В тупике. Сестры - Вересаев Викентий Викентьевич 11 стр.


Мириманов процедил сквозь зубы:

– "Революционное правосознание!"

– Я одного не понимаю: зачем такое изысканное бесчеловечие? Как будто нарочно всех хотят восстановить против себя.

Жена Гавриленки рыдала.

– Где жить и чем жить? Все там осталось, продавать даже будет нечего. Была бы помоложе, хоть бы в хор пошла к Белозерову. А теперь и голоса никакого не осталось.

Она кончила консерваторию и до замужества с большим когда-то успехом выступала в московской опере.

К вечеру в квартиры наверху вселилось шесть рабочих семей. И по всему городу стояли стоны и слезы. Очищено было около ста буржуазных квартир.

Длинные очереди Гавриленко простаивал в жилищном отделе, наконец добирался. Ему грубо отвечали:

– Записали вас, – чего же еще! Дойдет до вас очередь, получите комнату.

Гавриленко, корректный и вежливый, возражал:

– Но ведь меня из моей квартиры выселили, я остался на улице. В буквальном смысле. Куда же мне деться?

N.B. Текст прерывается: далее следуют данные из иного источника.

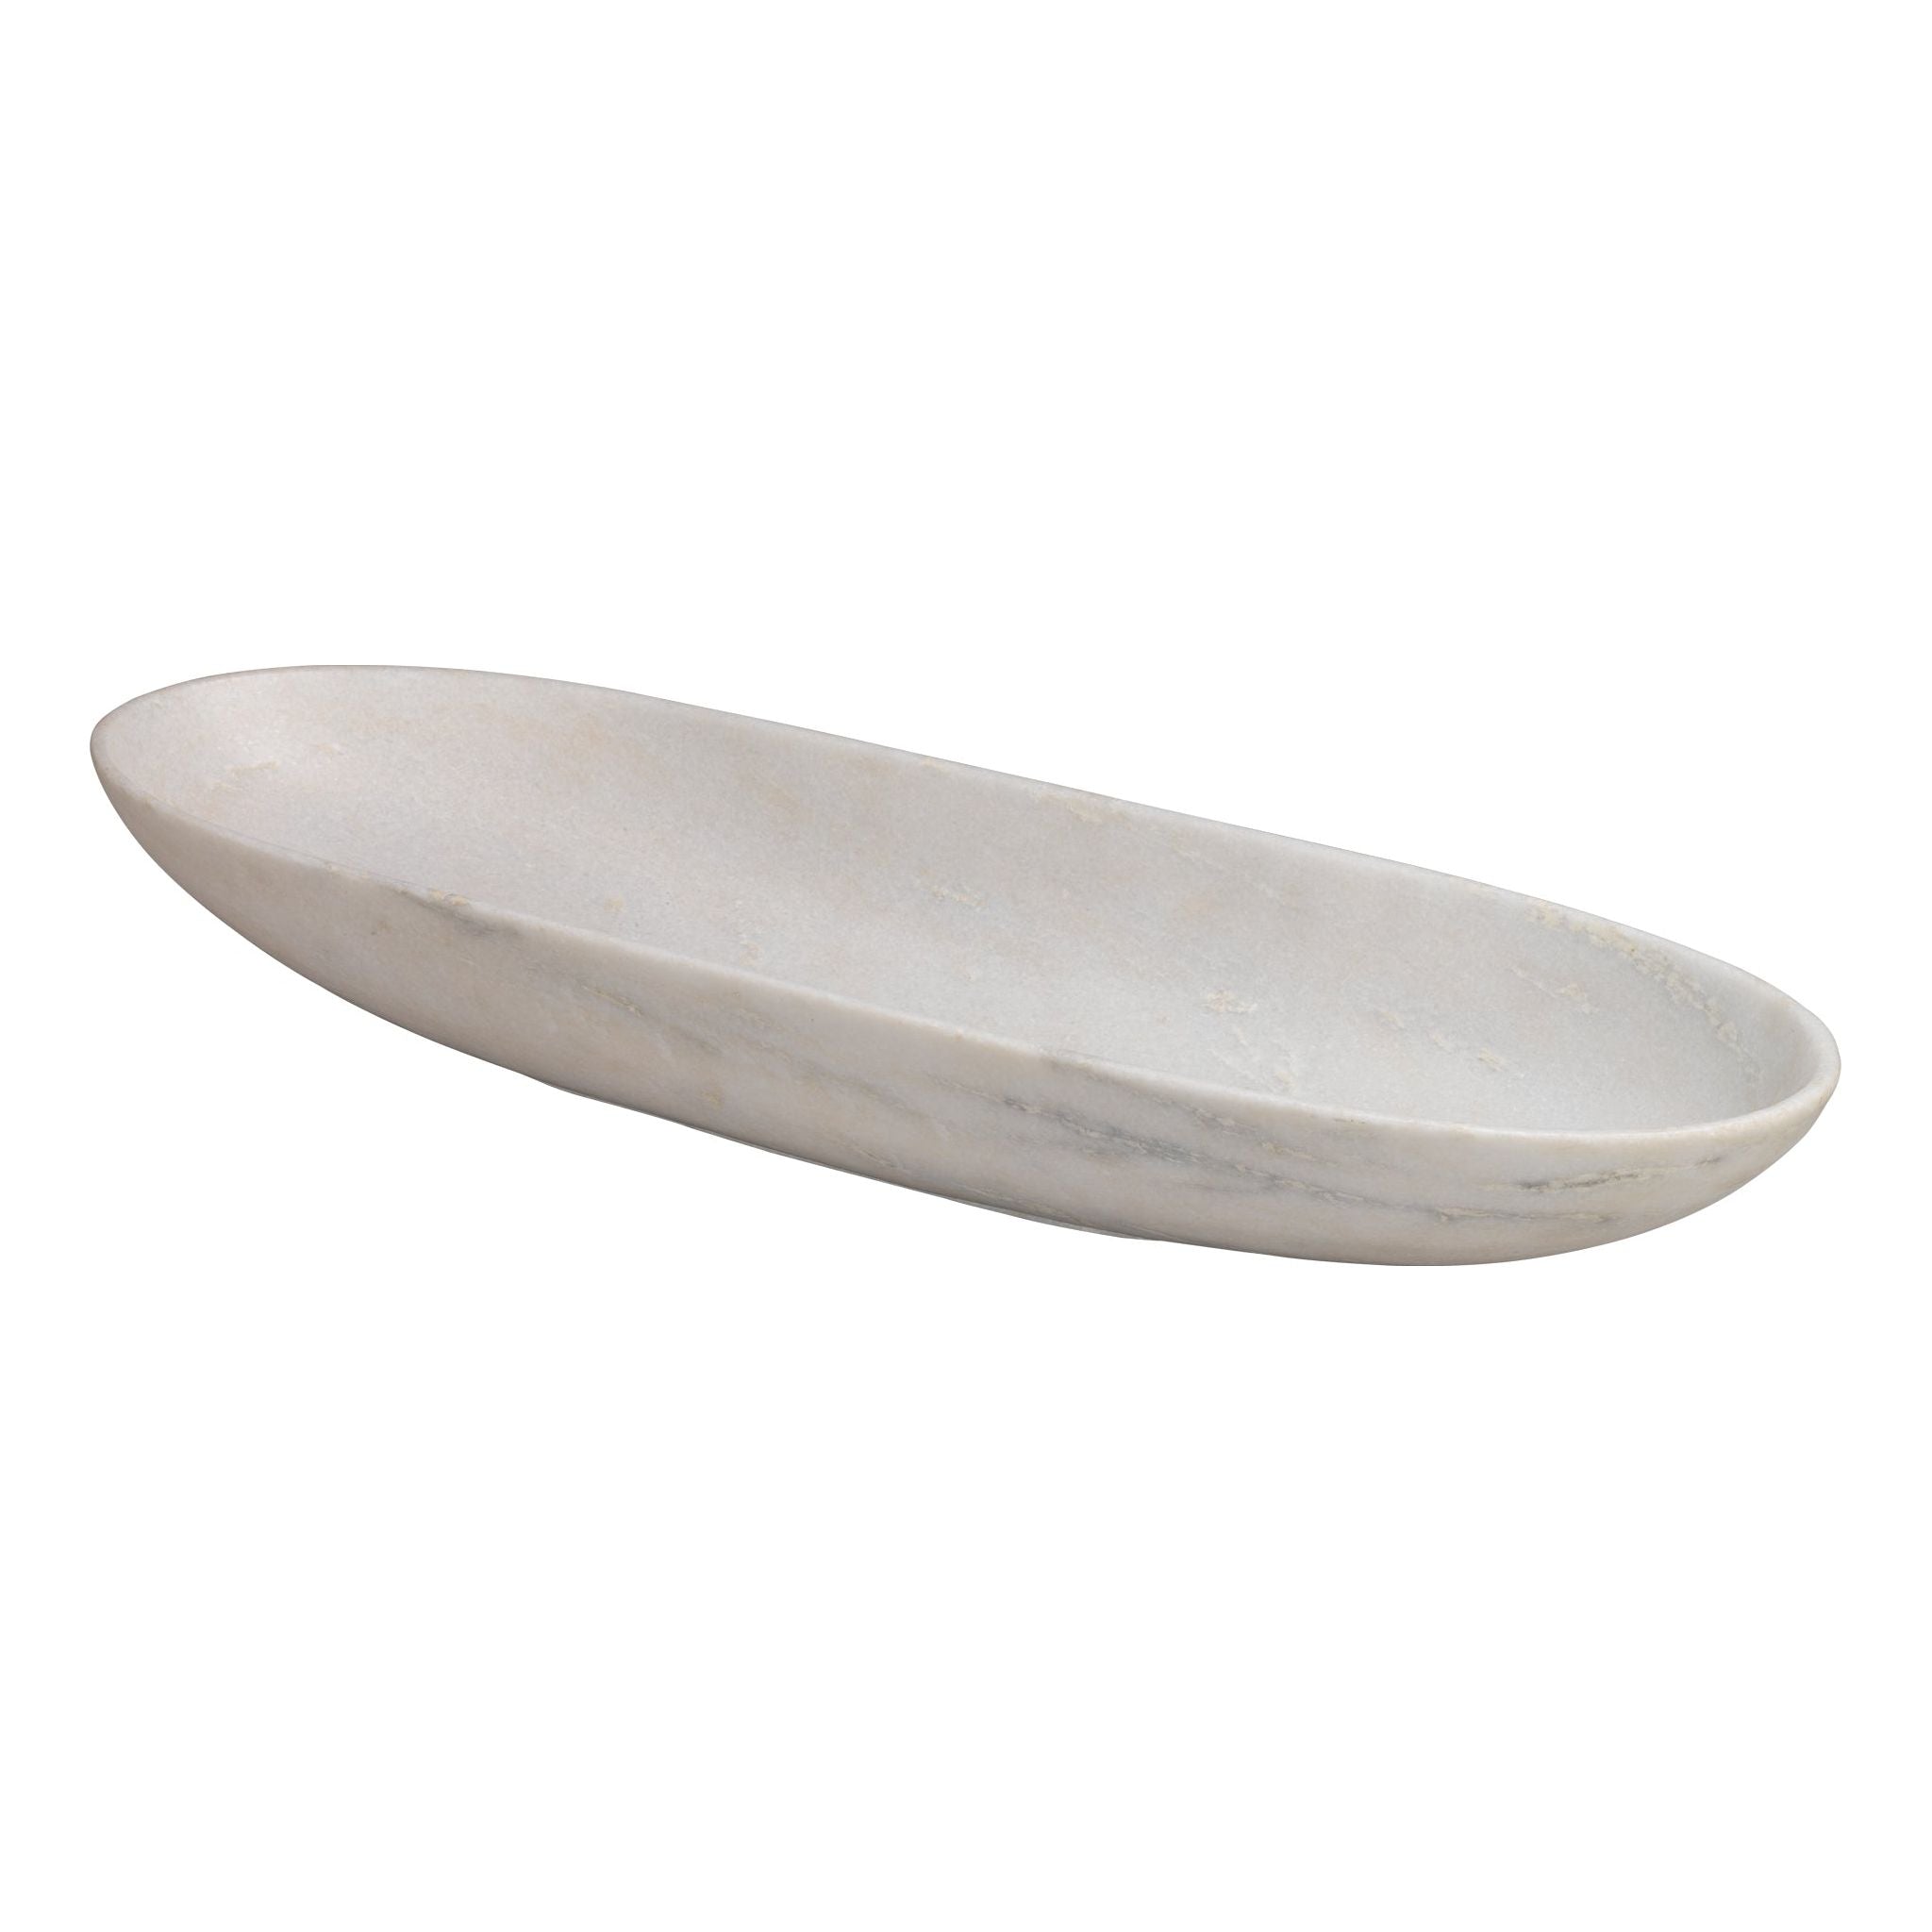 Jamie Young Company - 7LONG-BOWH - Long Oval Marble Bowl - Long - White

– У нас коммунисты, ответственные работники, ночуют в коридорах гостиниц и ждут угла по неделям.

Выселили и фельдшерицу Сорокину, жившую у Гавриленки. Катя предложила ей поселиться с нею в комнате. Но в домовом комитете потребовали ордера из жилотдела. А в жилищном отделе Сорокиной сказали, что Катя сама должна прийти в отдел и лично заявить о своем согласии.

– Господи, какая формалистика! Целый день терять! Ну, дешево у них время!

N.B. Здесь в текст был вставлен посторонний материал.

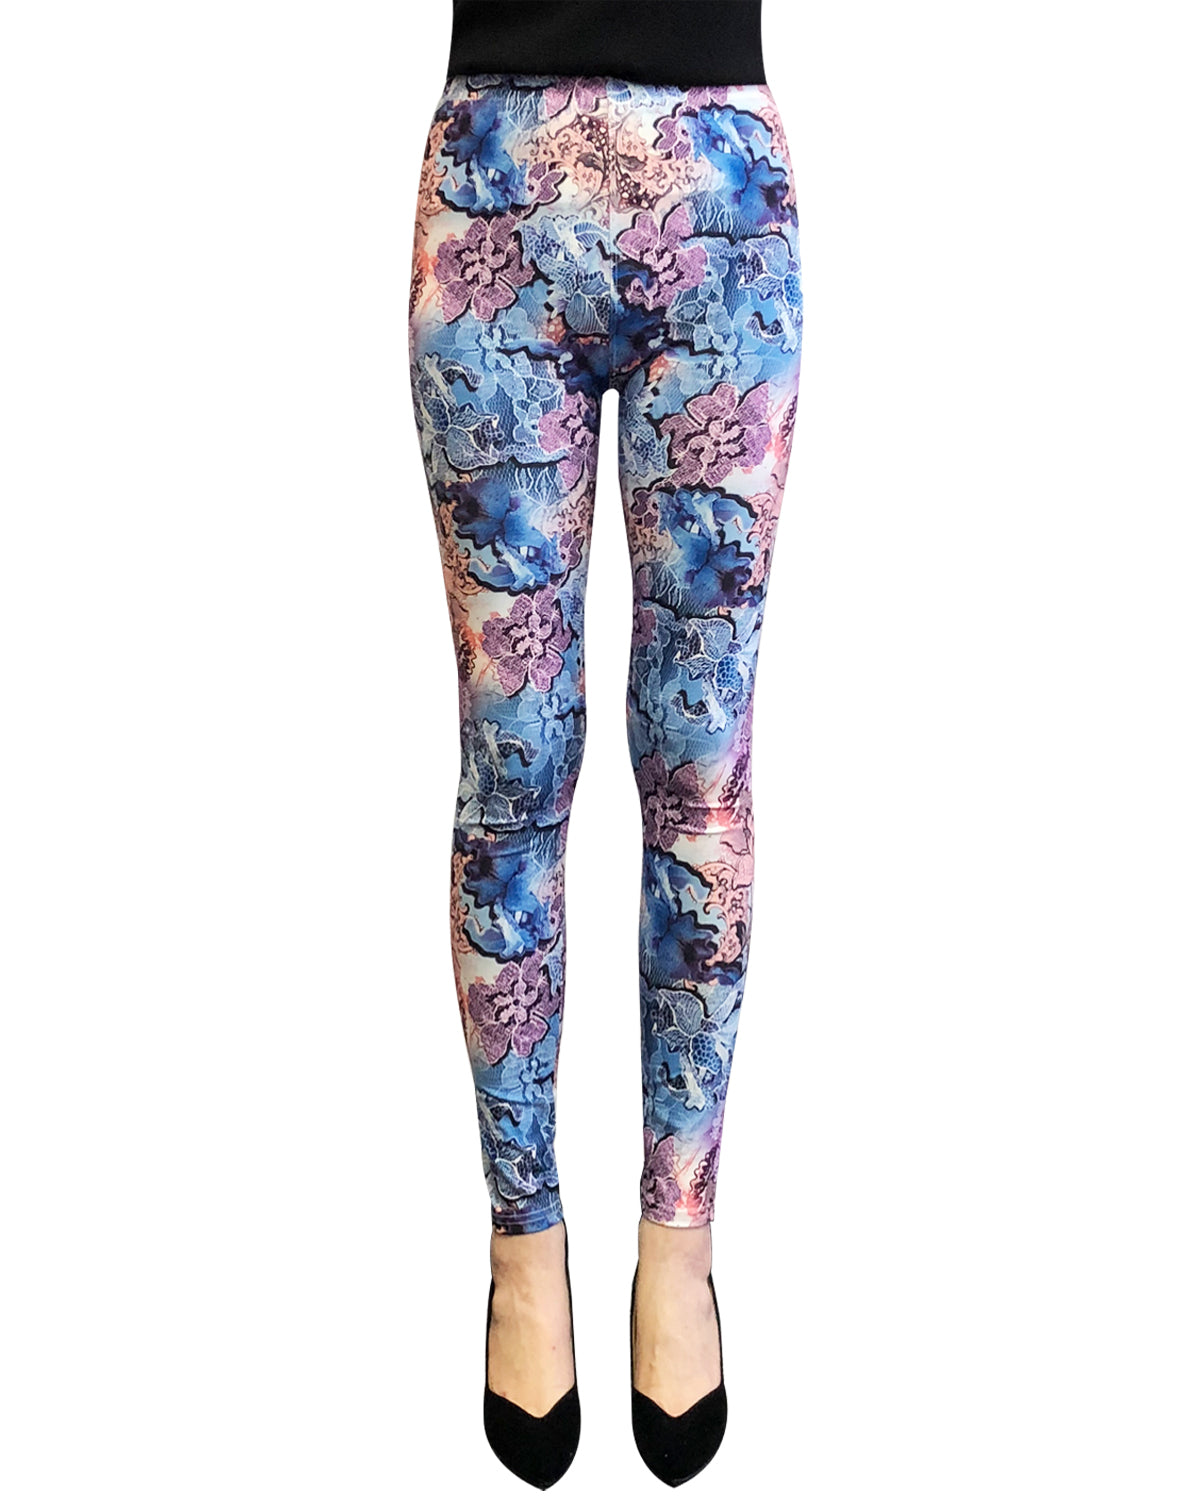 Wrapables Women's Ultra-Soft and Stretchy Printed Leggings for Activew

Однако пошла. Простояли с Сорокиной длиннейшую очередь, добрались. Черноволосая барышня с матовым лицом и противно-красными, карминовыми губами нетерпеливо слушала, глядя в сторону.

– Ничего нельзя сделать. К вам вселят по ордеру жилищного отдела.

Катя остолбенела.

– Позвольте! В праве же я выбрать сожительницу себе по вкусу! И ведь тут же вчера нам сказали, что я должна только заявить о своем согласии.

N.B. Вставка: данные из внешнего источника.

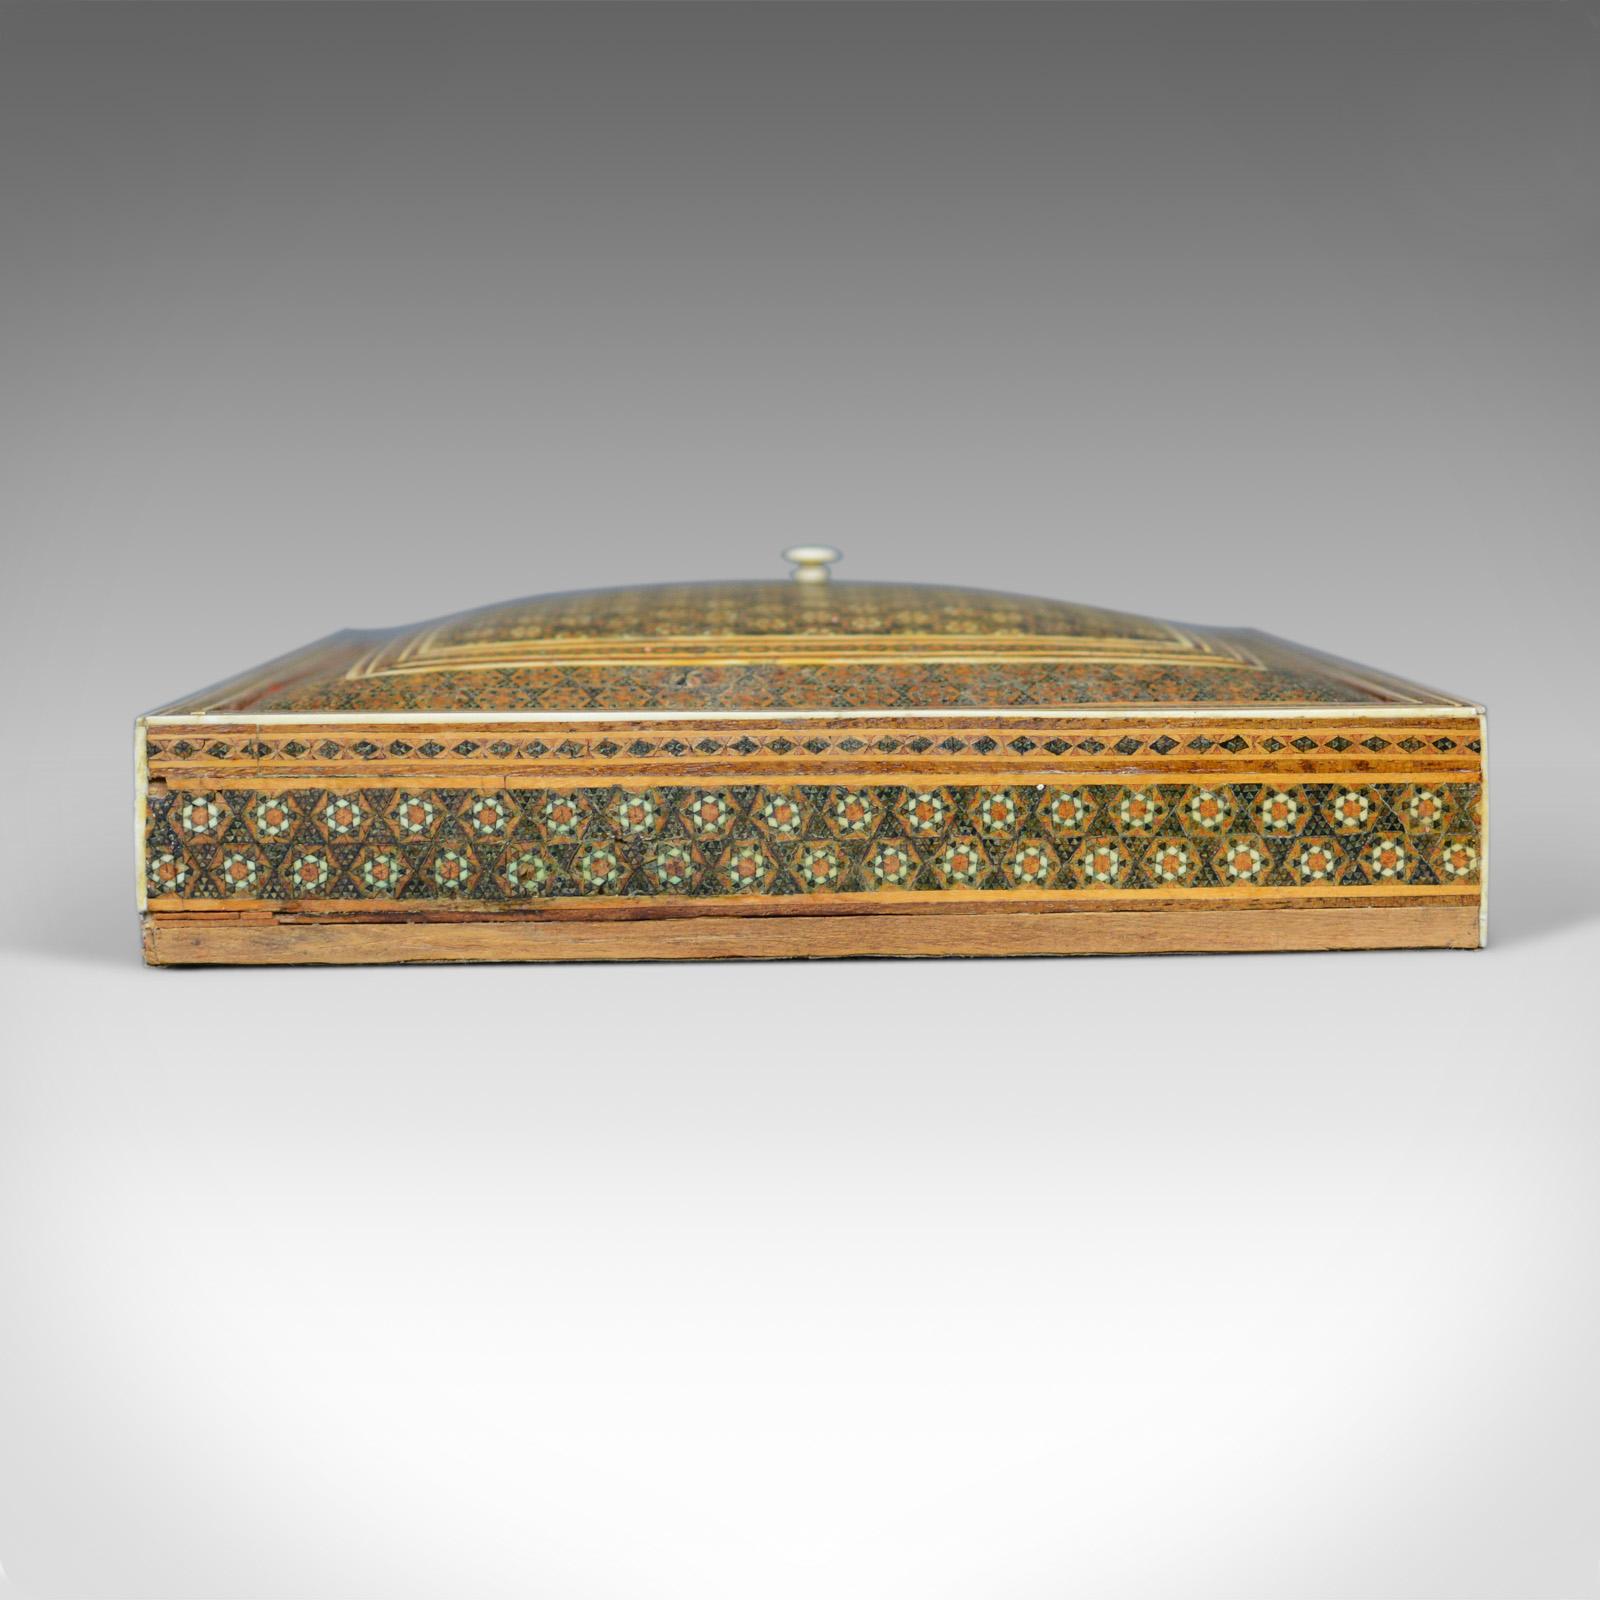 This is an antique Sadeli ware box. An Anglo-Indian jewelry box dating to the late 19th century, circa 1880.

Beautifully crafted Sadeli ware box
Intricate geometric design
In earth tones

The domed lid dressed with a turned pull
Opening to

– Не знаю, кто вам сказал.

Сорокина поспешно объяснила:

– Сказал товарищ Зайдберг, заведующий жилотделом.

– Ну, и идите к нему.

– Куда?

Барышня перелистывала бумаги.

– Товарищ, куда к нему пройти?

– Что?

– Куда пройти к товарищу Зайдбергу?

– Ах, господи! Комната Љ 8.

В коридоре они встретили доктора Вайнштейна. Он с довольным лицом шел к выходу. Катя спросила:

– Получили ордер?

– Да.

– Как?

Вайнштейн втянул голову в плечи, поднял ладони, улыбнулся лукаво и прошел к выходу. Катя с Сорокиной вошли в комнату Љ 8.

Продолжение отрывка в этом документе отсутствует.